Back in the mid-1990s, Sridhar, his brothers Kumar and Sekar, Tony Thomas, and Davey founded Zoho to build software products. Their first customers were Japanese printer manufacturers. By 2001, the company had about 120 employees, and not a single SaaS product, which would later become its hallmark. Today, Zoho has over 18,000 employees, 40+ SaaS offerings, more than 120 million users, and annual revenue exceeding $1 billion.

Much of this growth, Zoho’s leaders say, can be traced to the company’s unconventional culture, epitomised by Mathrubootham’s onboarding. It’s a belief in learning by doing, trusting people with autonomy, accepting mistakes, being patient, and letting the customer deliver the final verdict,by either staying or walking away.

These convictions weren’t gleaned from management books. They were forged through lived experience,“the school of hard knocks,” as Rajendran Dhandapani, Zoho’s seventh employee and a key leader, puts it.

The Road Ahead: Navigating AI Disruption

Today, that same philosophy of hands-on learning and deep ownership is being tested in ways few could have anticipated. After years of steady expansion, the SaaS industry is now in flux. What began as a wave of innovation has turned into a flood of me-too products, overwhelmed customers, and tightening investor purse strings. Some are questioning the very foundations of the cloud-based software model.

The biggest shockwave yet comes from AI.

In December 2023, Microsoft CEO Satya Nadella made headlines by declaring that SaaS, as we’ve known it, is “dead”. His argument: the future lies not in software applications running business logic in the cloud, but in agentic AI, semi-autonomous systems capable of executing complex sequences of tasks on a user’s behalf. These AI agents, he predicted, will disrupt and replace large swathes of traditional SaaS.

For companies like Zoho, the message is clear: adapt to this new paradigm or risk being left behind.

Fortunately, Zoho isn’t starting from scratch. Its deep engineering culture, long-term orientation, and frugal, grounded ethos could be significant advantages in an AI-first world. And at the helm now is Davey, an engineer’s engineer, who combines technological depth with the ability to build and lead resilient teams.

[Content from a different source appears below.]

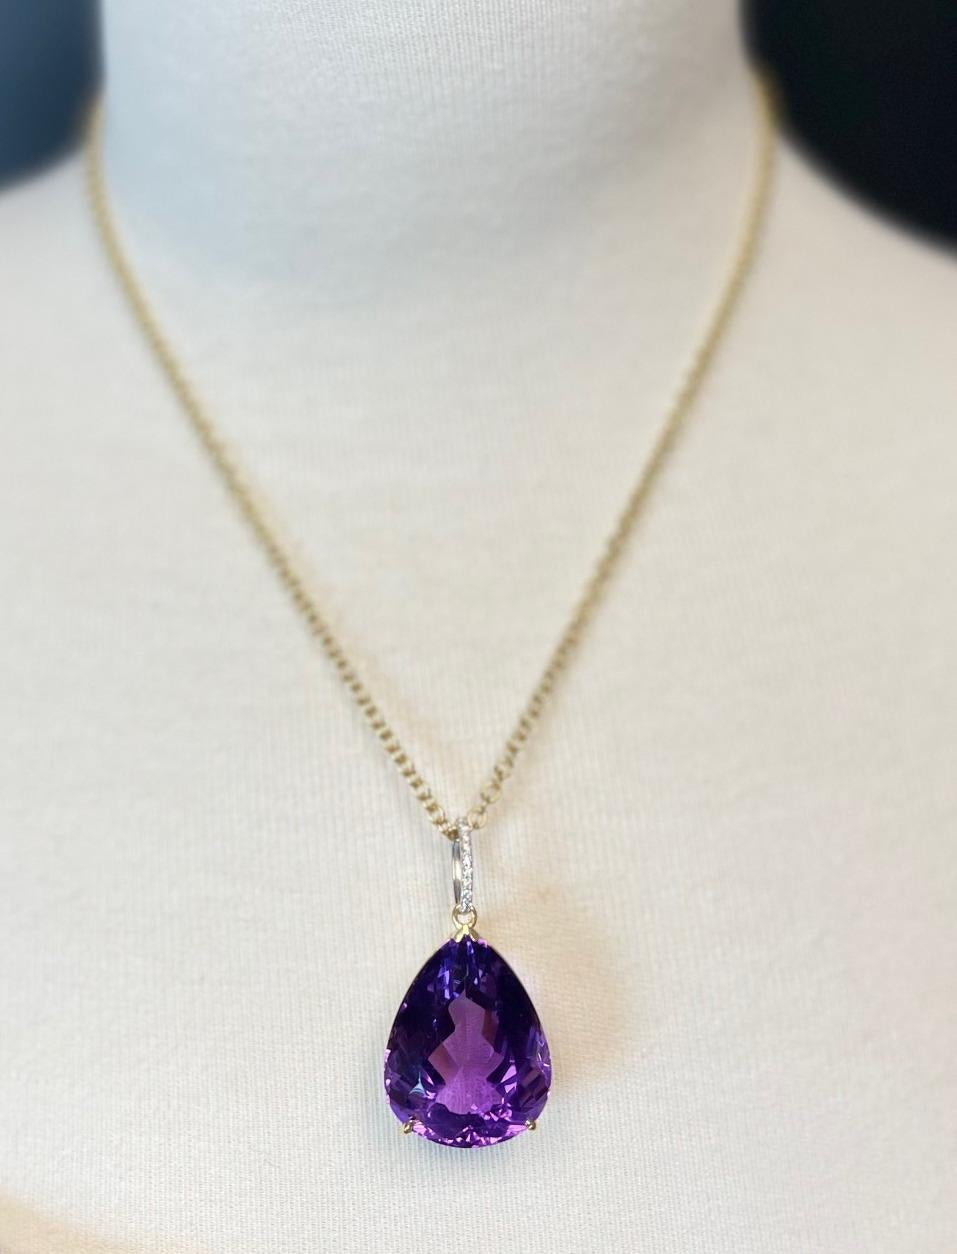 40 Carat Pear Shape Amethyst and Diamond Pendant in 18k Yellow Gold with Chain For Sale 6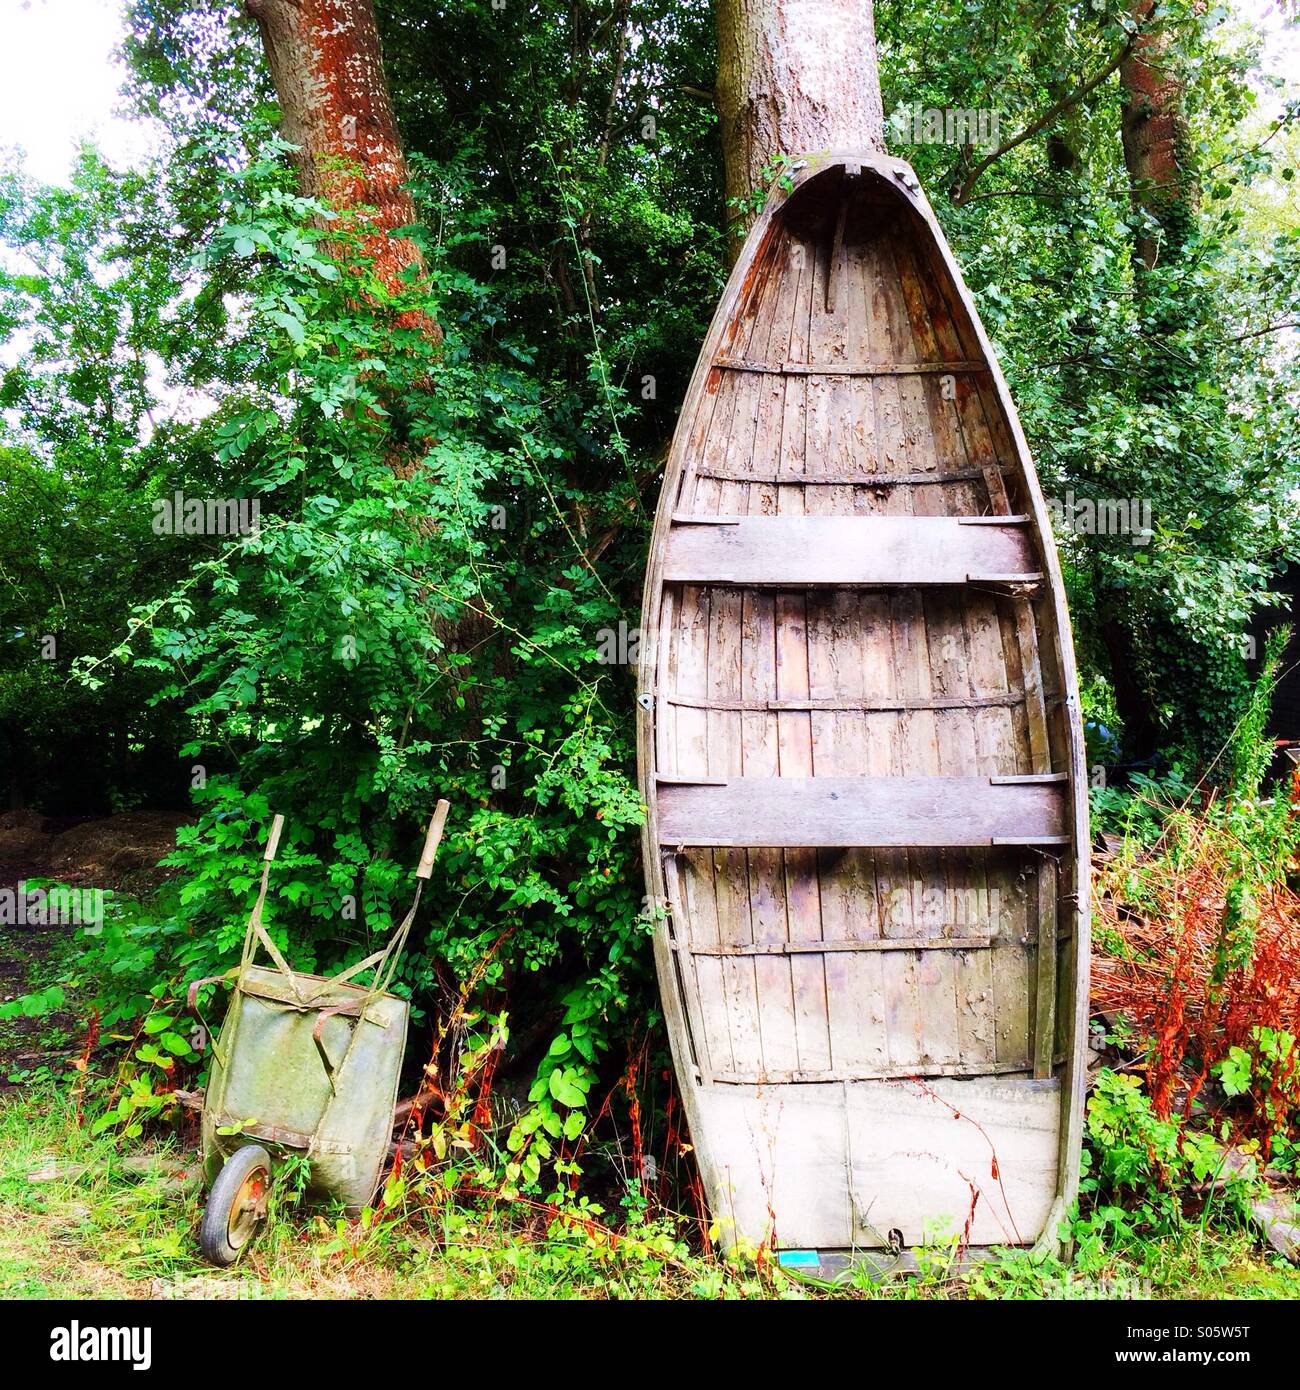 Old wooden boat and wheelbarrow in a garden Stock Photo

Like Sridhar Vembu, Davey is an IIT Madras graduate, someone who codes, thinks long-term, and doesn’t get easily distracted by hype cycles. Tony Thomas, a fellow co-founder, credits Davey with bringing exceptional engineering rigour to Zoho in its formative years. And Prabhu Ramachandran, founder of Facilio and a Zoho veteran, calls him “one of the best technologists and one of the best people managers” he’s known—“a rare combination.”

That rare combination may be exactly what Zoho needs now, as it seeks to reinvent itself once again.

Which is why Founding Fuel sat down with Davey for a wide-ranging conversation, on navigating disruption, building for the long haul, empowering teams, and confronting the AI future.

Here are edited excerpts from that interview, distilled into three sections and 11 key insights.

A Complex World

Zoho’s response to the current wave of AI disruption isn’t happening in a vacuum. The company has been here before, in different forms, under different pressures. Its early survival through the dot-com and telecom crash shaped a culture that values decentralisation, long-term thinking, and learning by doing. The crisis forced Zoho to pivot, reorganise, and trust its people to build new products and find new markets, traits that are just as relevant today.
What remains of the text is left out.